No the other girl wants to dictate what other people do and if they don't comply with her demands she assaults them.

It isn't about who is more important it is about having laws about assaulting people plus the danger of a fall actually ending up with something serious. She is actually quite lucky the OPs DD didn't break her arm or get concussion.

liveforsummer · 06/11/2021 13:50

She wants just not doing what she wanted though she was actively goading her, doing what was annoying her more deliberately

Offmyfence · 06/11/2021 13:50

@ancientgran her mother told her to stop..... little madam decided she wouldn't.

So if the dancing little madam had done what she was told...... guess what.... it wouldn't have escalated?

ancientgran · 06/11/2021 13:50

[quote Stela40]@ancientgran
"Why can't she do what she wants, dancing, if it isn't harming anyone and it isn't illegal? I find lots of things annoying, people who swear constantly, people who sniff, people who use loads of perfume (makes me cough) I can't go round ordering people what to do and attacking them if they don't comply."

I would think constantly twirling around on a pavement in a potentially crowded area (I.e. the school run) and obviously not being able to watch where she is going, is maybe going to end up harming someone....not least of whom could be OP's DD.
As for the annoyances you describe, unless someone stuck their nose right up into your face to sniff, sprayed perfume actually around and onto you or put their mouth right up to your ear to swear into it, then the situations are hardly comparable are they? A BIG difference between learning to deal with those annoyances and having someone twirling and flapping around right in your face to intentionally annoy, goad and provoke.[/quote]
Did she harm someone? No. Did the other girl harm someone? Yes.
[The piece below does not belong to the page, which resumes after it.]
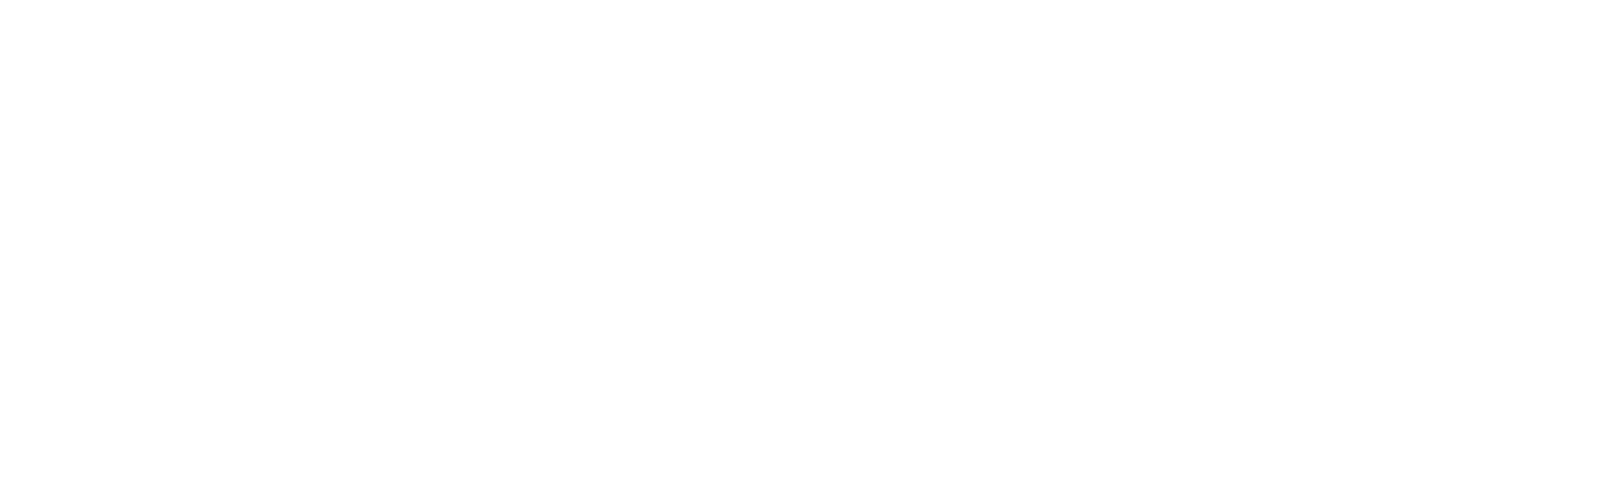 Trihasco Utama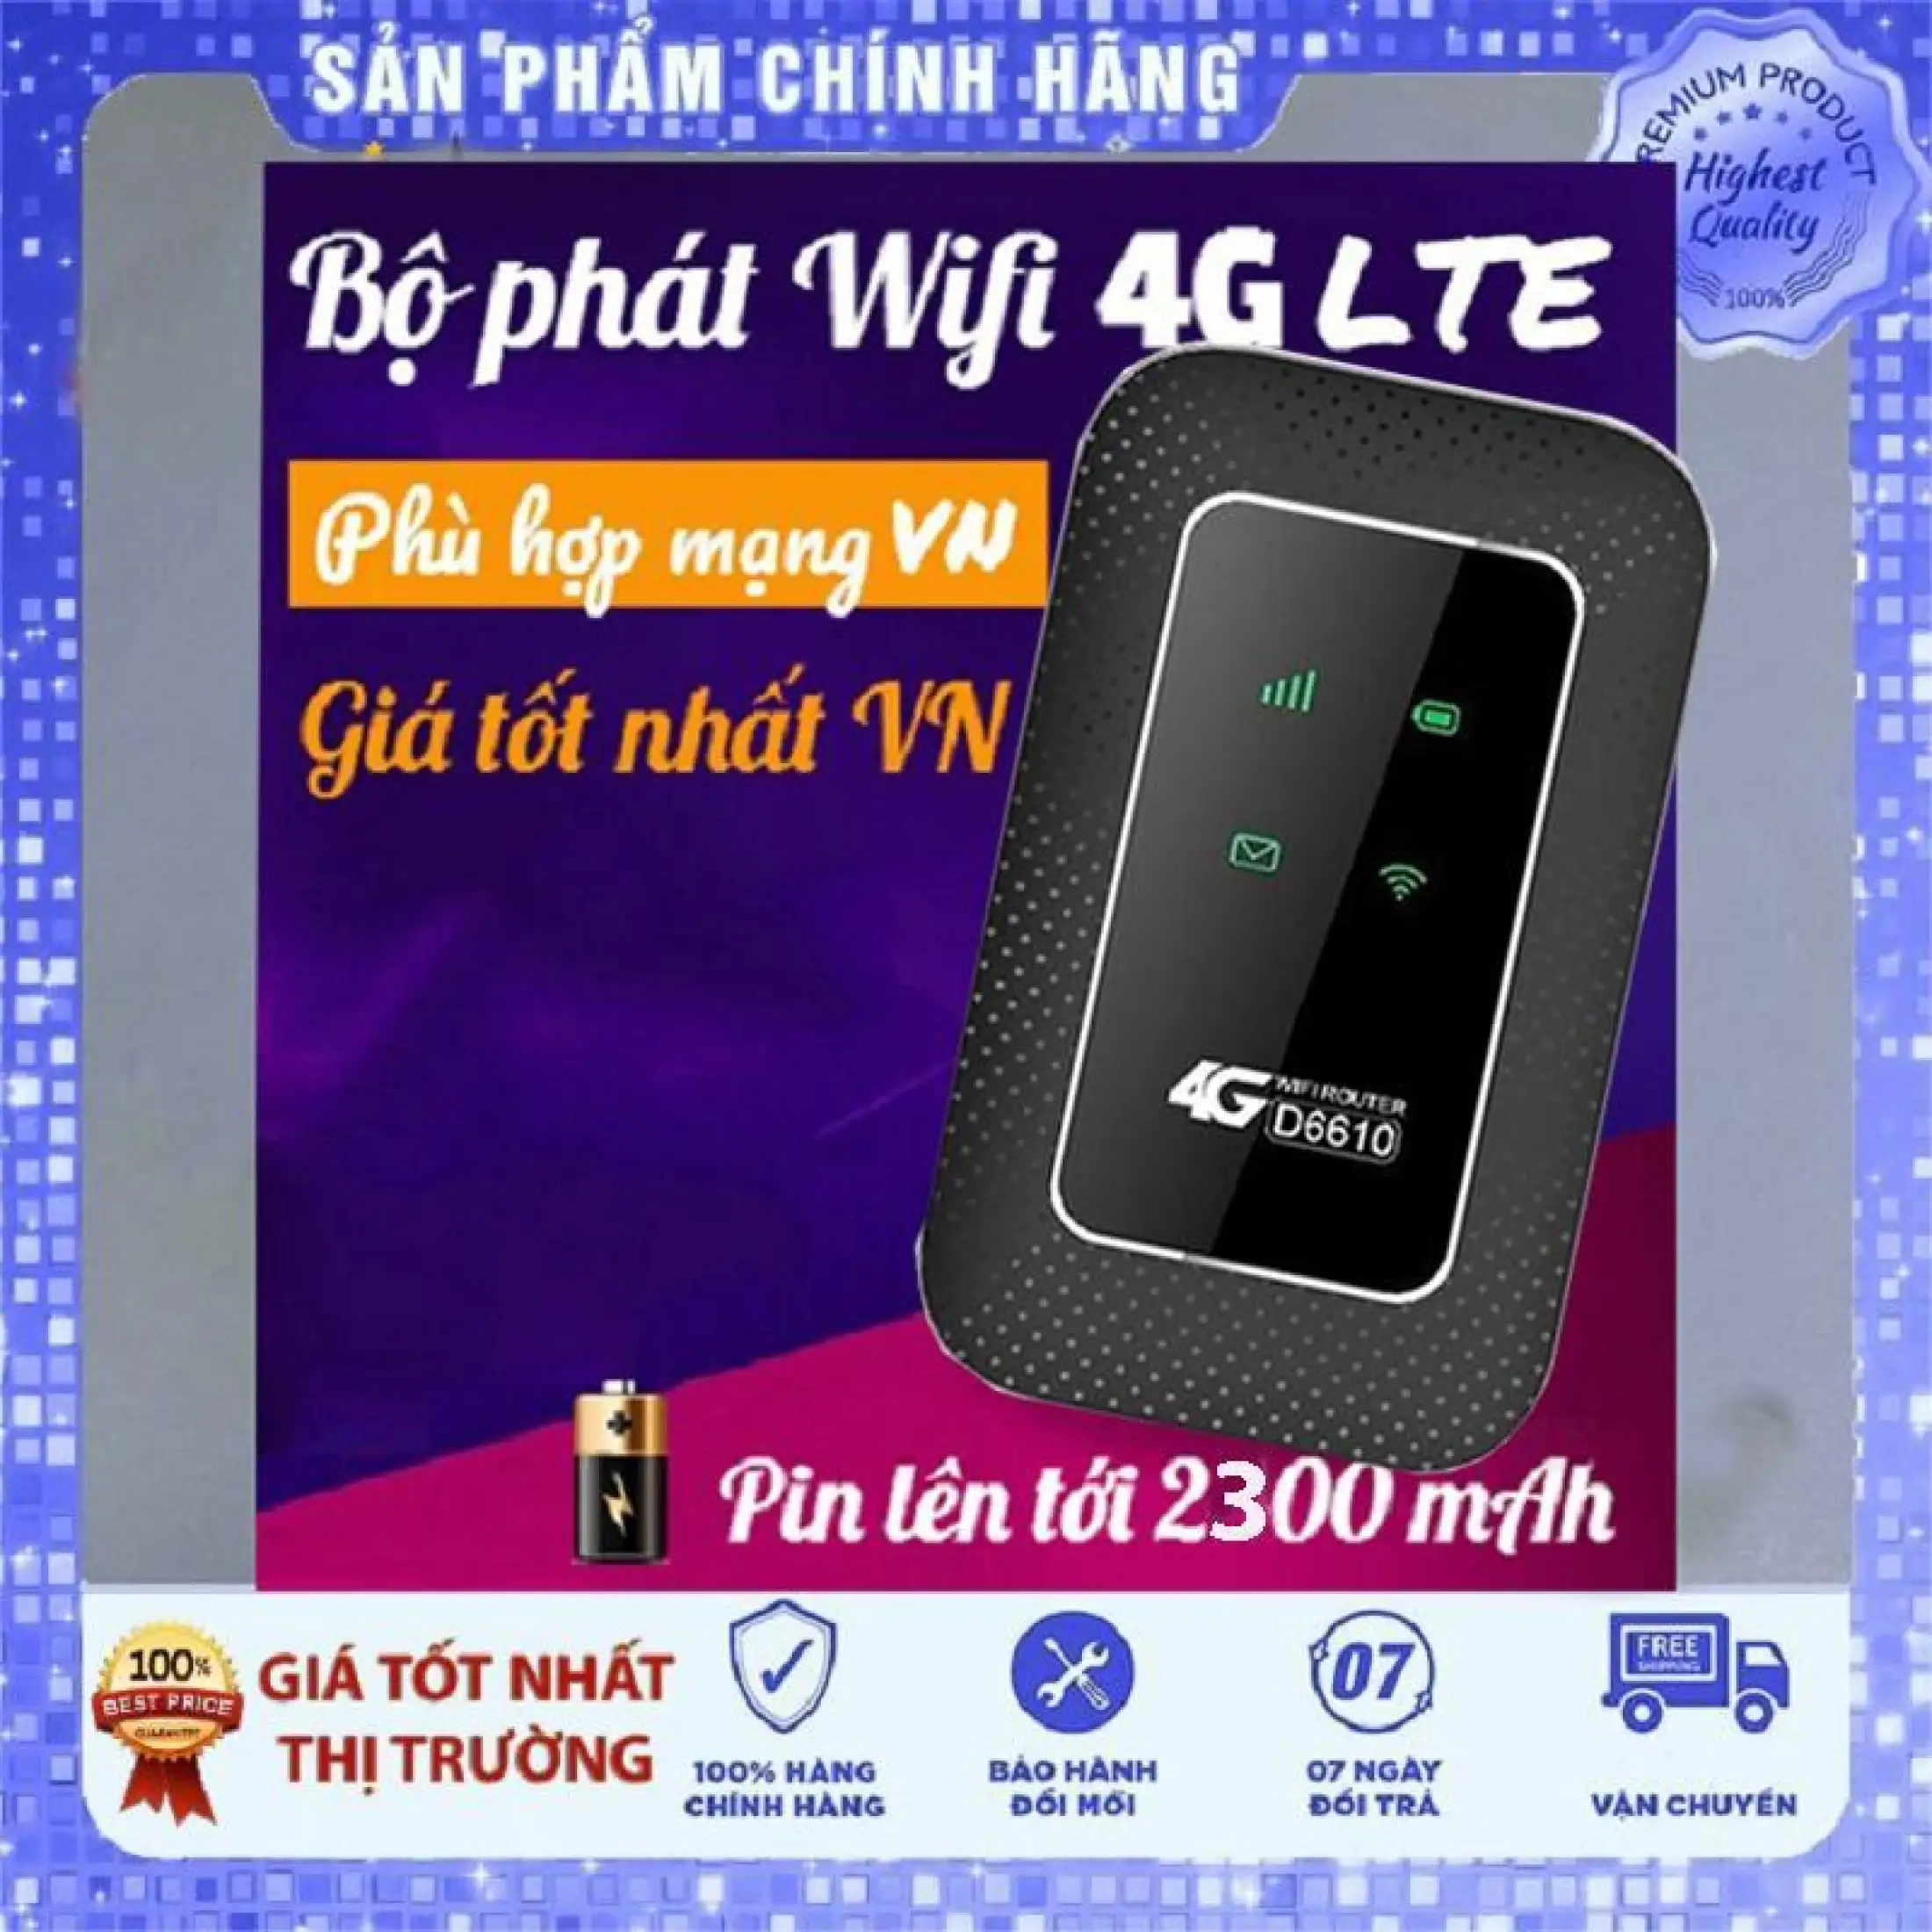 Bộ phát WiFi Router 4G VIETTEL D6610 - BẢO HÀNH 1 ĐỔI 1 từ MƯỜNG

I'm not deaf so I can hear someone sniffing or swearing without them being in my face, heavy perfume can make someone with allergies seriously ill (my husband has COPD and it is much more serious for him that someone dancing)

Being violent because you find something annoying is never OK.

ancientgran · 06/11/2021 13:52

[quote Offmyfence]@ancientgran her mother told her to stop..... little madam decided she wouldn't.

So if the dancing little madam had done what she was told...... guess what.... it wouldn't have escalated?

[/quote]
Do you always do what random people tell you to do? As far as we know the OPs DD didn't hurt anyone but the other one did.

Do you seriously think it is OK for kids to be violent?